Question

Kubernetes automatic upgrades and cert-manager

Posted December 28, 2020 498 views
Kubernetes

I am using k8s cluster which includes cert-manager for SSL.

It’s a basic setup following: https://www.digitalocean.com/community/tutorials/how-to-set-up-an-nginx-ingress-with-cert-manager-on-digitalocean-kubernetes

However, in the result I am getting errors on automatic k8s upgrades:

Validating webhook with a TimeoutSeconds value greater than 29 seconds will block upgrades.
Validating webhook is configured in such a way that it may be problematic during upgrades.

My understanding is those are due to timeoutSeconds and failurePolicy, as seen here:
https://github.com/jetstack/cert-manager/search?q=failurePolicy

  timeoutSeconds: {{ .Values.webhook.timeoutSeconds }}
  failurePolicy: Fail

What’s the correct way to have both cert-manager and k8s auto-upgrades?

These answers are provided by our Community. If you find them useful, show some love by clicking the heart. If you run into issues leave a comment, or add your own answer to help others.

×
Submit an Answer
1 answer

Hello @jareksk ,

It appears your cluster’s webhooks may be preventing the cluster from functioning. Can you ensure that their webhooks for your cluster have a failure Policy is set to ‘Ignore’? Depending on the type of webhook it would be one of two commands:

kubectl get validatingwebhookconfigurations

kubectl get mutatingwebhookconfigurations

Then edit the failurePolicy to 'Ignore’ using:

kubectl edit <webhook_type_from_above> <name_of_webhook>

Setting these webhooks to 'Ignore’ failure allows the cluster to communicate while the webhook is unresponsive. These webhooks can cause issues during upgrades, or bootstrapping of infrastructure resources.

For example, if a node hosting the webhook goes down, then webhook will not respond to requests. This is problematic when nodes try and register to the master API and the master API cannot reach the webhook. The node registration fails (because the failurePolicy is set to 'Fail’) while waiting on the webhook to become available. But the webhook often can’t reschedule till a new node has been created. Thus creating a bit of a circular dependency scenario. This is why we recommend setting the failure policy to 'Ignore’ until we find a better way of handling these scenarios.

For the webhooks timeout error, please update the same according to the steps given here.

Best Regards,
Purnima Kumari
Developer Support Engineer II - DigitalOcean

  • Hello @Purnima,

    I have the same problem as the original author and tried following your advice.
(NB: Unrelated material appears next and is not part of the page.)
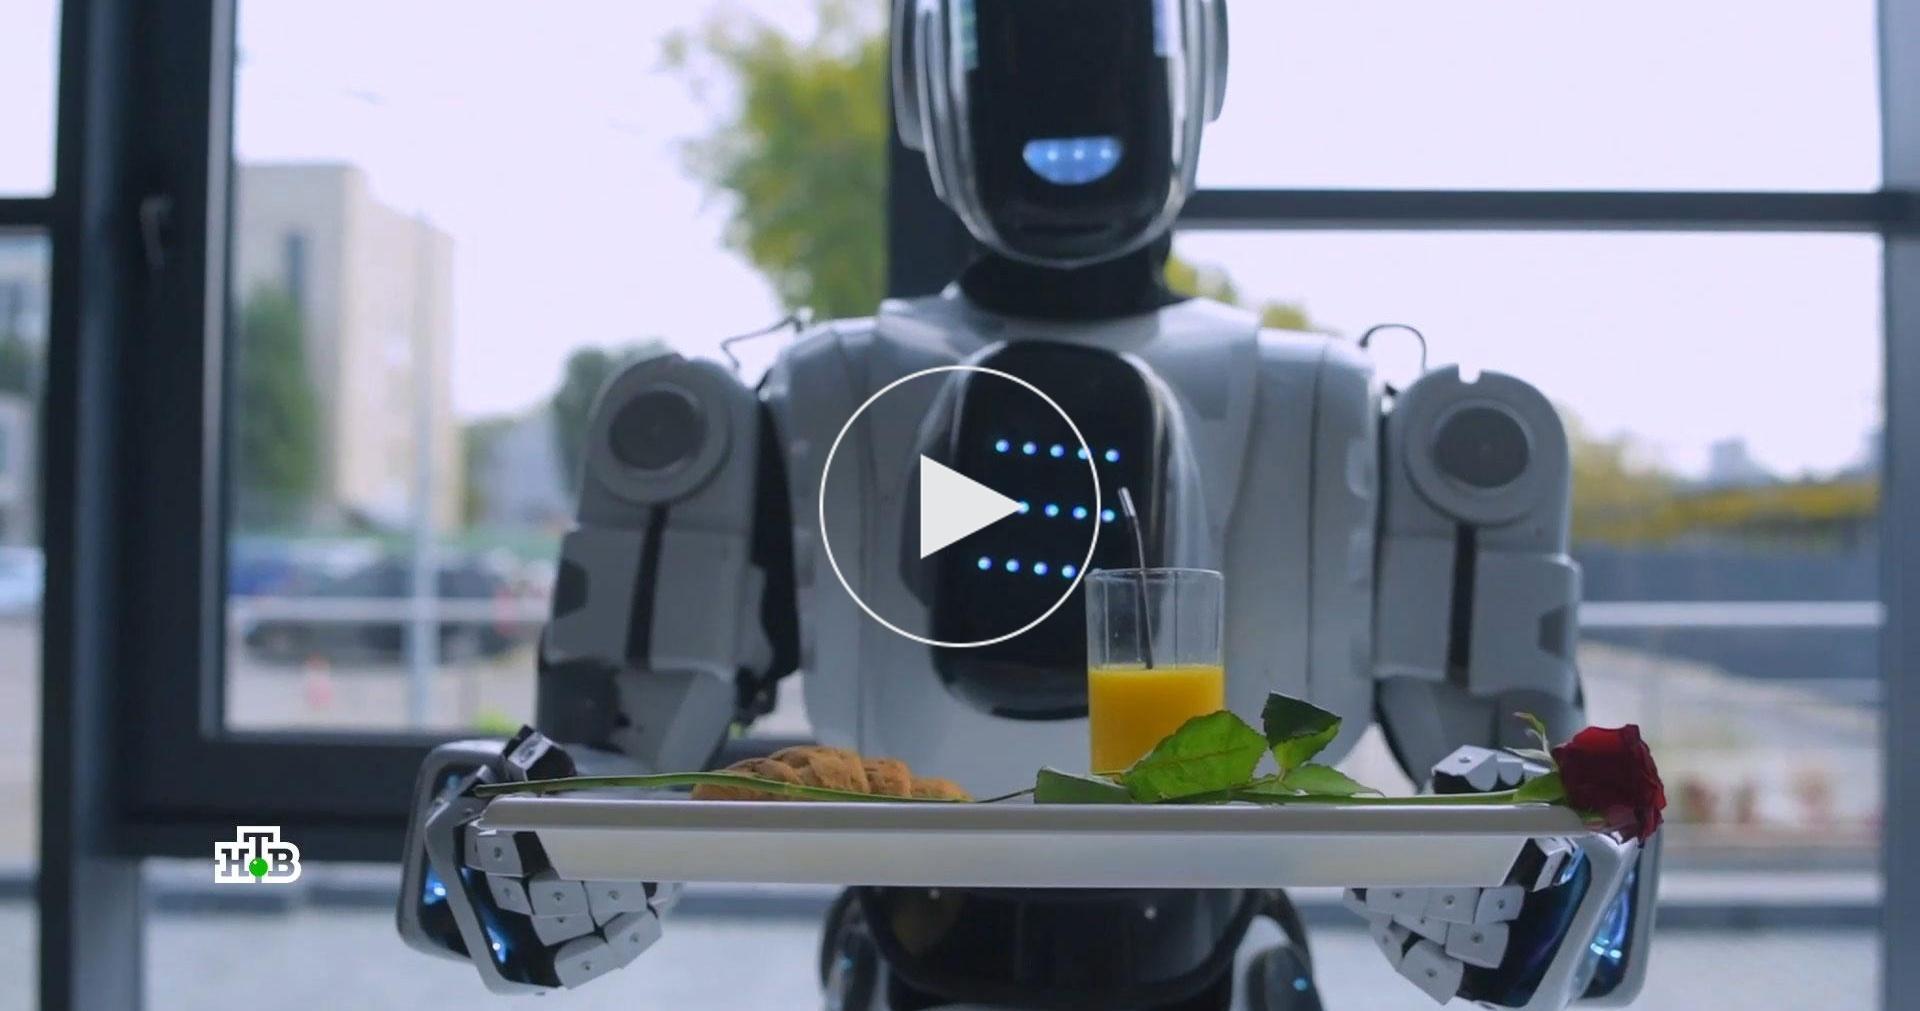 Сервис будущего: роботехника на службе уресторанов

However, after successfully editing both configurations I still get the same two errors from the linter:

    Validating webhook with a TimeoutSeconds value greater than 29 seconds will block upgrades.
    Mutating webhook with a TimeoutSeconds value greater than 29 seconds will block upgrades.
    

    Do I have to tell kubernetes that I have edited the configurations somehow?

    Cheers
    Finn

  • @Purnima, this worked for me. thank you so much!